Notes
two overlapping squares ii solution

Solution to the Two Overlapping Squares II Puzzle

Solution by Similar Triangles, Congruency, Angles in a Square, and Vertically Opposite Angles

In the extended diagram above, the line $E H$ is the continuation of $F E$ until it meets the extension of $C D$. The point $I$ makes $A D H I$ into a rectangle, and $J$ is so that $I J$ is perpendicular to $K H$.
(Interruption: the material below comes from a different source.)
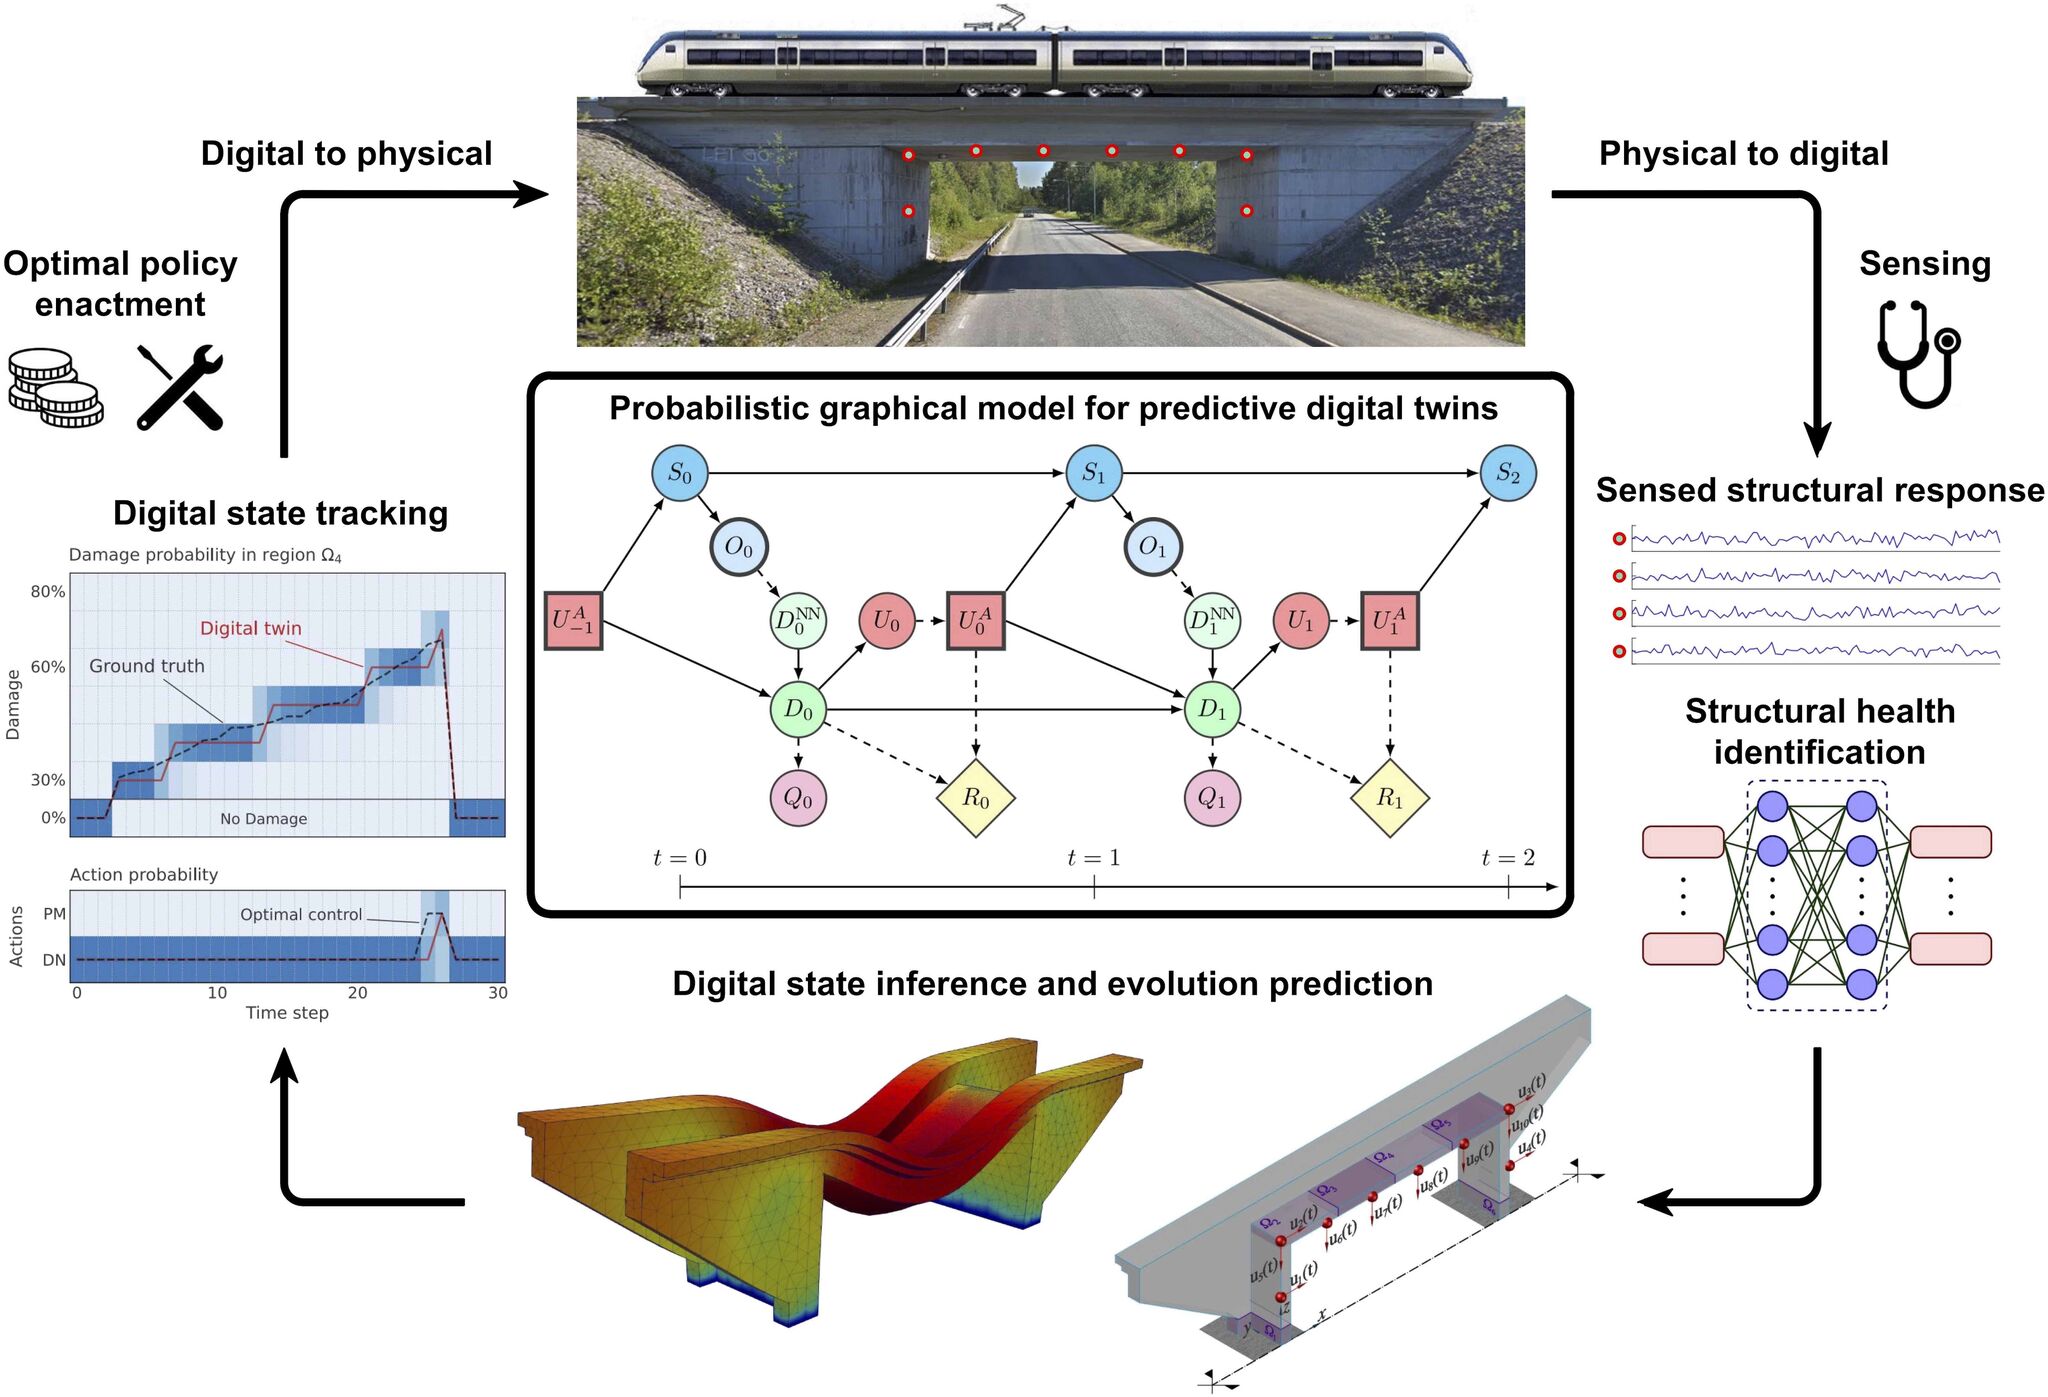 Using Digital Twins of Civil Engineering Structures, Researchers Predict and Respond to Operational Failures

Since $F E H$ is a straight line, angle $D \hat{E} H$ is $90^\circ$. Angles $H \hat{D} E$ and $A \hat{D} G$ are equal as both combine with angle $E \hat{D} A$ to form a right-angle, and line segments $G D$ and $E D$ have the same length. These establish triangles $A G D$ and $E D H$ as congruent so $D H$ has the same length as $A D$ which means that $A D H I$ is actually a square and is the congruent to $A B C D$.
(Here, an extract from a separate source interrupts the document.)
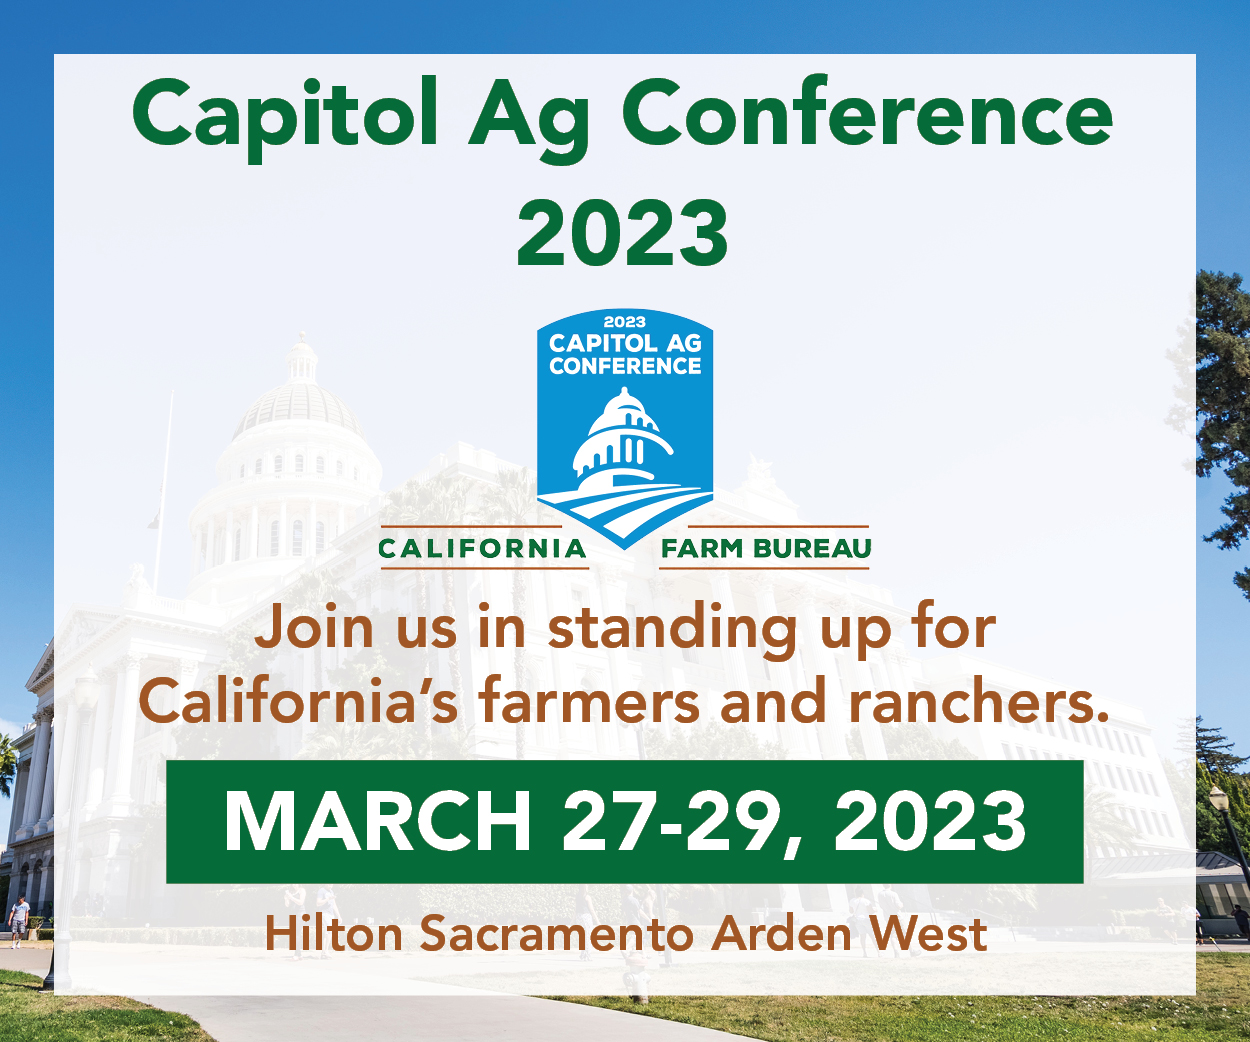 Capitol Ag Conference 2023

Each side of triangles $A G D$ is parallel to one of the sides of triangle $I J H$ and sides $A D$ and $I H$ are the same length so triangles $A G D$ and $I J H$ are congruent. This means that the region $I A D H J$ is congruent to the yellow region.

The yellow region comprises half the area of the original diagram, meaning that the orange and white make up the other half. Since triangles $A G D$ and $E H D$ are congruent, the quadrilateral $A D H F$ therefore has the same area as the yellow region, which in turn has the same area as $I A D H J$. Therefore, triangles $A F K$ and $I K J$ have the same area. These triangles are similar, since both are right-angled and angles $F \hat{K} A$ and $J \hat{K} I$ are equal as they are vertically opposite angles. Therefore they are congruent and in particular, $A F$ and $J I$ have the same length. This establishes $A$ as the midpoint of $F G$.

Triangle $A G D$ therefore is one quarter of the area of the square $F G D E$ and so the orange region is $\frac{3}{4}$ of that square, which is itself half the total area. So the area of the orange region is $\frac{3}{8}$ths of the total area.